Za nami piąta – rekordowa pod względem frekwencji – edycja Pochodu Halloweenowego z Termami Cieplickimi. W czwartkowy wieczór, przy wejściu do Parku Zdrojowego zgromadziło się ok. 300 osób, które żądne były zabawy w mrocznym stylu.
W trakcie pochodu uczestnicy mieli kilka zadań do wykonania - szczególnie dzieci miały niezłą frajdę. Gdy udało się dotrzeć na teren Term Cieplickich, przed Willą Fabrykanta odbył się konkurs na najlepsze dynie oraz najlepsze przebranie. W budynku, gdzie znajdowało się przedszkole - również nie brakowało "strasznych" ozdób, a dzieci wraz z rodzicami chętnie poszukiwali ukrytych cukierków. Co istotne, każdy uczestnik mógł otrzymać słodkie upominki, a dla laureatów części konkursowej przygotowano cenniejsze nagrody (m.in. vouchery do Term Cieplickich i gadżety).
Lubię Halloween, najbardziej lubię się przebierać. Najstraszniejsze są kościotrupy - powiedział Franek Zieliński, który był jednym ze zwycięzców konkursu na ozdoby z dyni. - Dynię wykonaliśmy rodzinnie - zajęło nam to trzy godziny - dodał pan Karol, tato Franka.
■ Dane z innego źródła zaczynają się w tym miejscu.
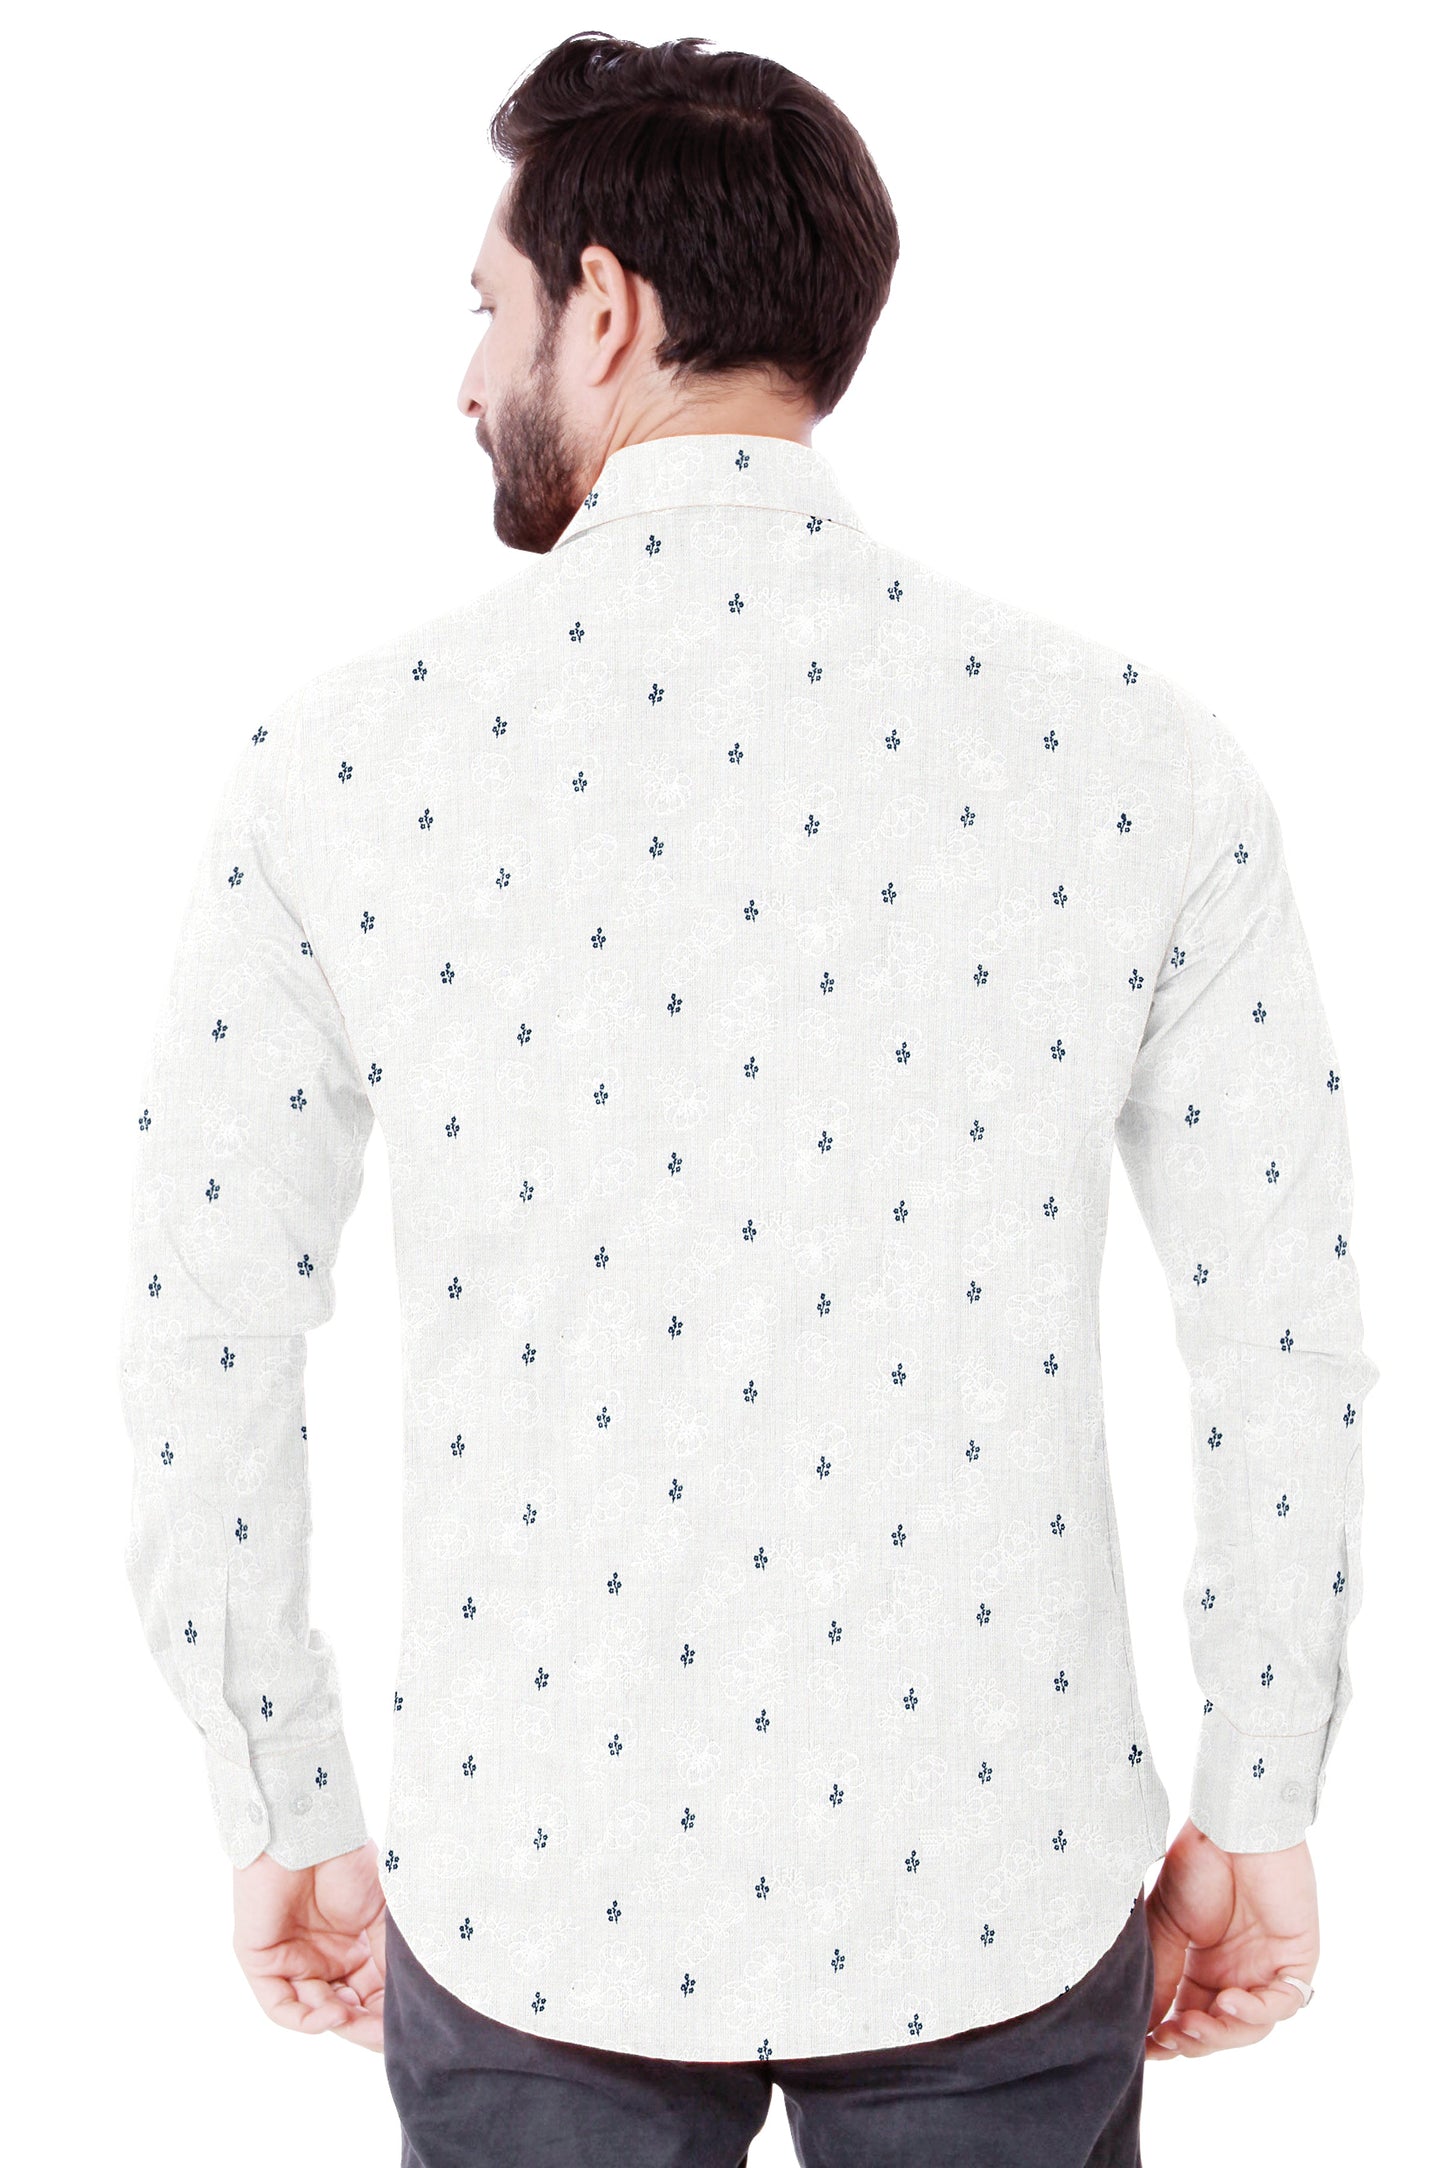 Men's White Flower Printed Casual Shirt Full Sleeves 100% Cotton - Styleflea

Wygląda na to, że mamy rekord. Bardzo dużo osób przyszło - zarówno dzieci, jak i dorosłych. Widać, że jest to zabawa dla wszystkich i my też tak to traktujemy. To okazja do przebrania się, zrobienia dyni, która może być ozdobą. Było mnóstwo przebranych ludzi, więc jury miało bardzo trudną decyzję do podjęcia, ale ktoś musiał zwyciężyć - powiedziała Sabina Robak, kierowniczka działu promocji i sprzedaży w Termach Cieplickich.
Termy Cieplickie zapewniają, że impreza będzie kontynuowana i liczą na kolejny rekord za rok.